Wow. I've never heard of that happening but it makes sense.

Every year hubby and I drive to a river basin to watch the Kokanee Salmon run, and there are eagles everywhere.

I'll try and take a few pictures this year and post them.


----------



## Chet (Mar 21, 2021)

Bald eagles were re-introduced in PA after years of decline and have really taken off (pun intended). They are getting quite common now. The first I saw was while coming home after a bike ride along the river when I heard a screech to my right. I saw an eagle just rising from the river with a good sized carp in it's talons, and watched it fly to the opposite shore to feed.

Two years ago I almost drove into one that landed in the road to get at some roadkill.


----------



## SetWave (Mar 21, 2021)

Aunt Marg said:


> They're a spooky looking bird... their faces.

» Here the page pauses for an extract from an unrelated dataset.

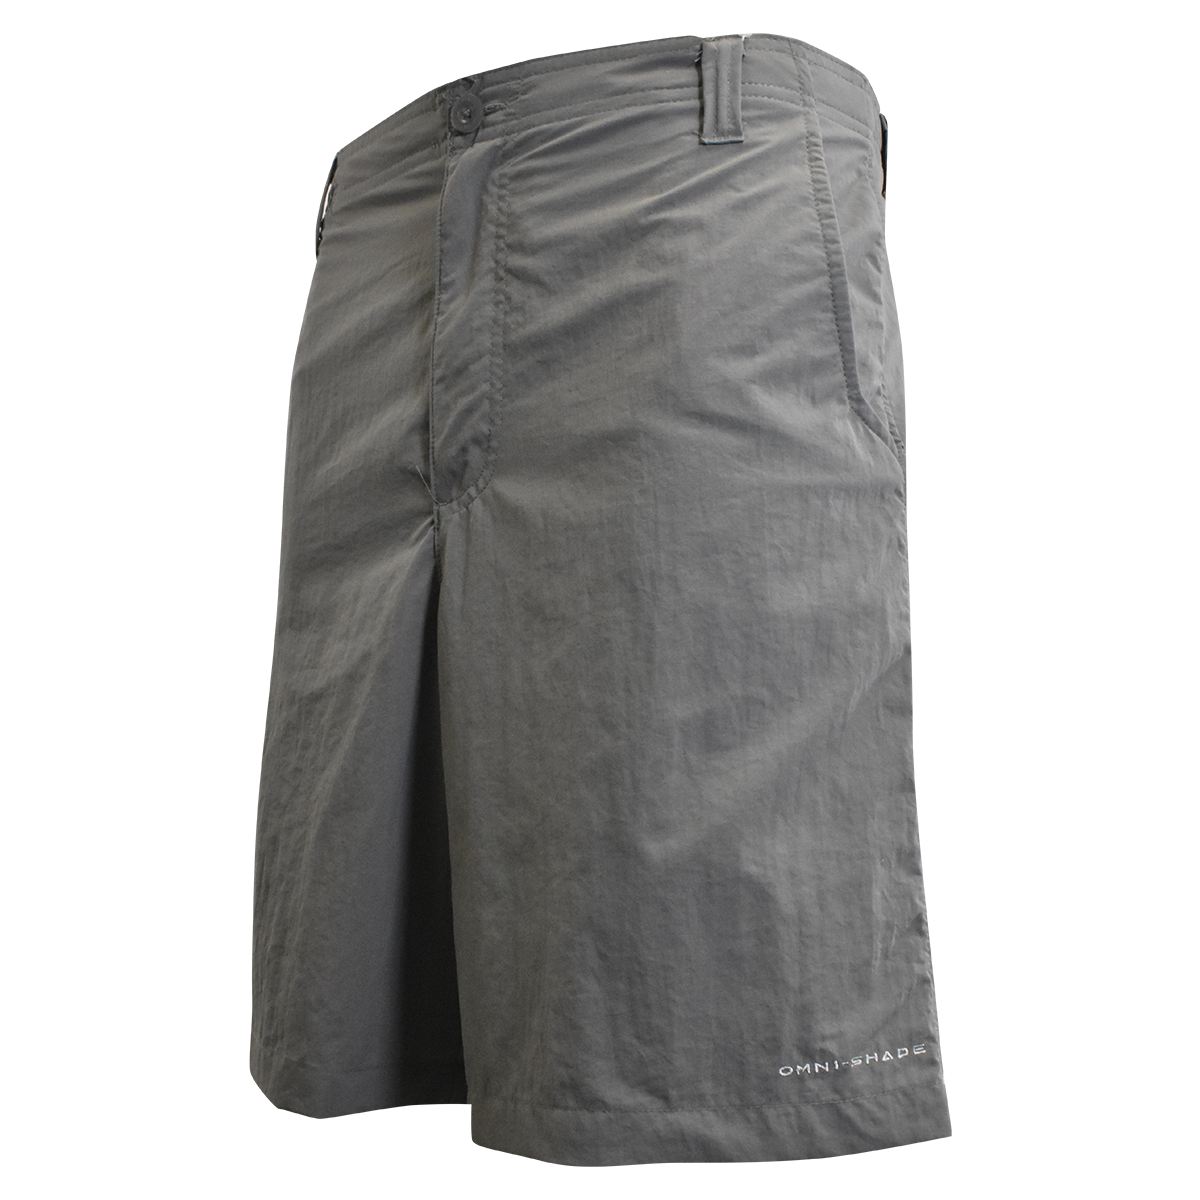 Columbia Men's Cargo Shorts Light Grey PFG Bahama Omni-Shade (019)

Oh yeah, their heads are gross. But, to see them gliding around overhead is great . . . as long as they aren't circling me...


----------



## SetWave (Mar 21, 2021)

The magnificent yet ugly-headed California Condor, North America's largest land bird, is making a slow but terrific return.


----------



## Aunt Marg (Mar 21, 2021)

SetWave said:


> Oh yeah, their heads are gross. But, to see them gliding around overhead is great . . . as long as they aren't circling me...





SetWave said:


> View attachment 155805
> The magnificent yet ugly-headed California Condor, North America's largest land bird, is making a slow but terrific return.


LOL! True!

Boy, are they ever an ugly bird.


----------



## Gary O' (Mar 21, 2021)

Chet said:


> Two years ago I almost drove into one that landed in the road to get at some roadkill.


Yeah, up near the cabin, on hwy 97, I pulled over to take a few pics of a baldy dining on a road killed mulie 

Of course I had to insert a few captions....


----------



## Aunt Marg (Mar 21, 2021)

Gary O' said:


> Yeah, up near the cabin, on hwy 97, I pulled over to take a few pics of a baldy dining on a road killed mulie
> 
> Of course I had to insert a few captions....
> 
> ...


Great capture, Gary!

That's one big bird.


----------